Bryan Riley of the National Taxpayers Union testified that Hawley’s bill represents a “slippery slope.” 

“This legislation, in particular, does not appear to require a demonstration of a specific national security threat resulting from covered transactions,” he said. “It is simply — you provide a service to the Chinese government, you get banned here.” 

Unimplemented laws 

The Government Accountability Office last week reported that the federal government has missed deadlines to put into effect three out of five laws or provisions regarding conflicts of interest in contracting: 

• The Defense Department has not followed a provision in the fiscal 2020 National Defense Authorization Act directing it to improve its procedures for assessing the risk of foreign ownership, control or influence for defense contracts and subcontracts that are more than $5 million. DOD officials told GAO that they are still in the earliest stages of the rulemaking. 
• DOD has not revised the Defense Federal Acquisition Regulation Supplement, in accordance with the fiscal 2024 NDAA, to prohibit the department from entering consulting contracts with vendors that provide such services to China and other certain foreign entities, unless the company maintains a conflict of interest mitigation plan that can be audited or a waiver is issued. The Defense Acquisition Regulations Council is currently working on an interim rule to promulgate the requirement. 
• The Federal Acquisition Regulatory Council has not implemented requirements in a 2022 law to update the Federal Acquisition Regulation with definitions, guidance and examples for contractor relationships with foreign entities that could cause conflicts of interest involving undue influence. Officials from the Office of Federal Procurement Policy, the administrator of which chairs FARC, said to investigators that the update is “complex and has required more time than normal to address.” 
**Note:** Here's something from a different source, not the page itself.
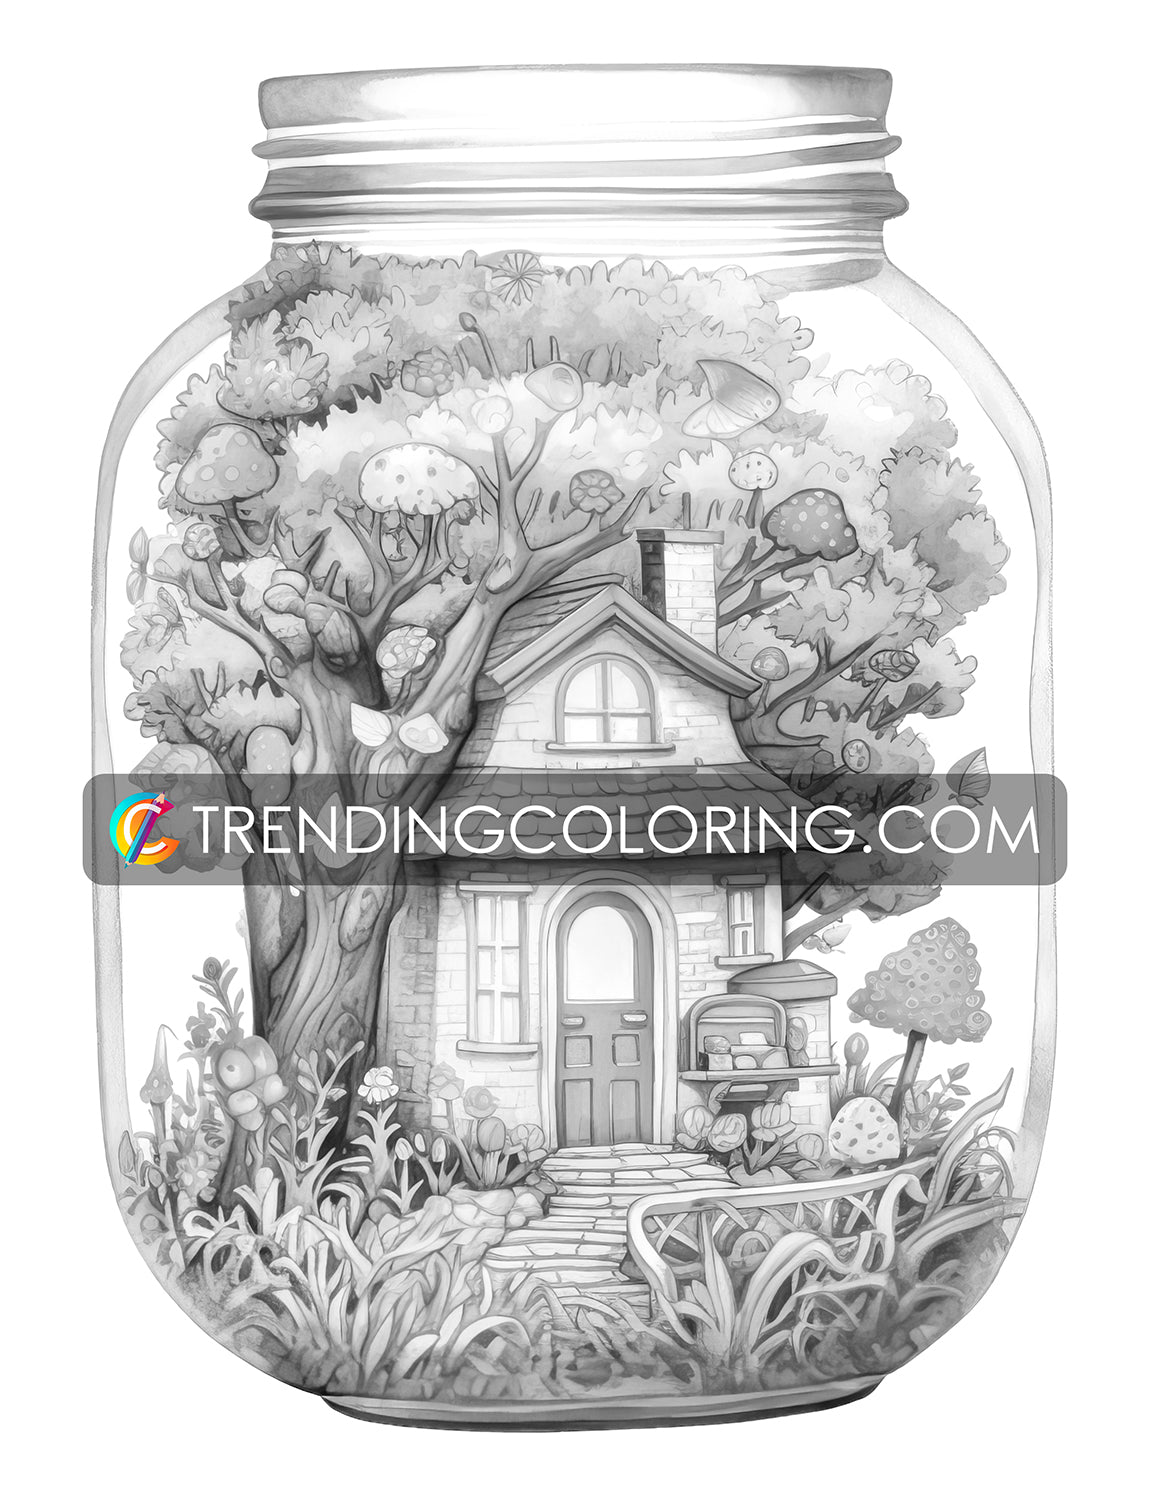 25 Peaceful Life In Jar Grayscale Coloring Pages - Instant Download - Printable PDF Dark/Light

Regarding the 2022 law, Peters, who sponsored the legislation, during Tuesday’s hearing criticized FARC for delaying implementation of the measure’s requirements. Jessica Tillipman, the associate dean for Government Procurement Law Studies at George Washington University, testified that, until the law is implemented, agencies will continue to use “uneven” practices for gauging contractor conflicts of interest. 

“[E]ach agency is basically left on their own to come up with their own approach to organizational conflicts of interest, which has led to severe inconsistencies among agency approaches,” she said. “Moreover, given the failure of [FARC] to update the FAR in several decades, we have outdated definitions and guidance that have not appropriately captured the many risks that continue to grow and create more conflicts of interest ranging from the security concerns we're talking about here to commercial conflicts of interest to even the risks associated with emerging technology.”

DOD and OMB agreed with GAO recommendations to set milestones in order to carry out the unimplemented laws in as timely a manner as possible, with the watchdog stressing the need for expediency in their action. 

“Without DOD and the Office of Management and Budget’s [OFPP] establishing milestones for completing the necessary and legally required steps to ensure these laws are implemented as expeditiously as possible, acquisition officials will continue to lack the knowledge that could help protect U.S. national security when awarding contracts to consultants,” the authors of the GAO report wrote. 

With respect to the two contracting conflict of interest laws that have been implemented, government officials told GAO that they are not aware of any foreign influence risks that have been identified as a result of their applications.  

DOD enacted a provision in the fiscal 2022 NDAA requiring contractors to disclose whether they have employees who will work in China on contracts worth more than $5 million, and agencies like DOD and the Homeland Security Department have implemented a 2022 law mandating a risk-based approach when assessing small businesses seeking certain research and technology awards. 

Federal agencies between fiscal years 2019 and 2023 spent more than $500 billion on contracts for consulting services. DOD and the Homeland Security Department accounted for more than half of that amount.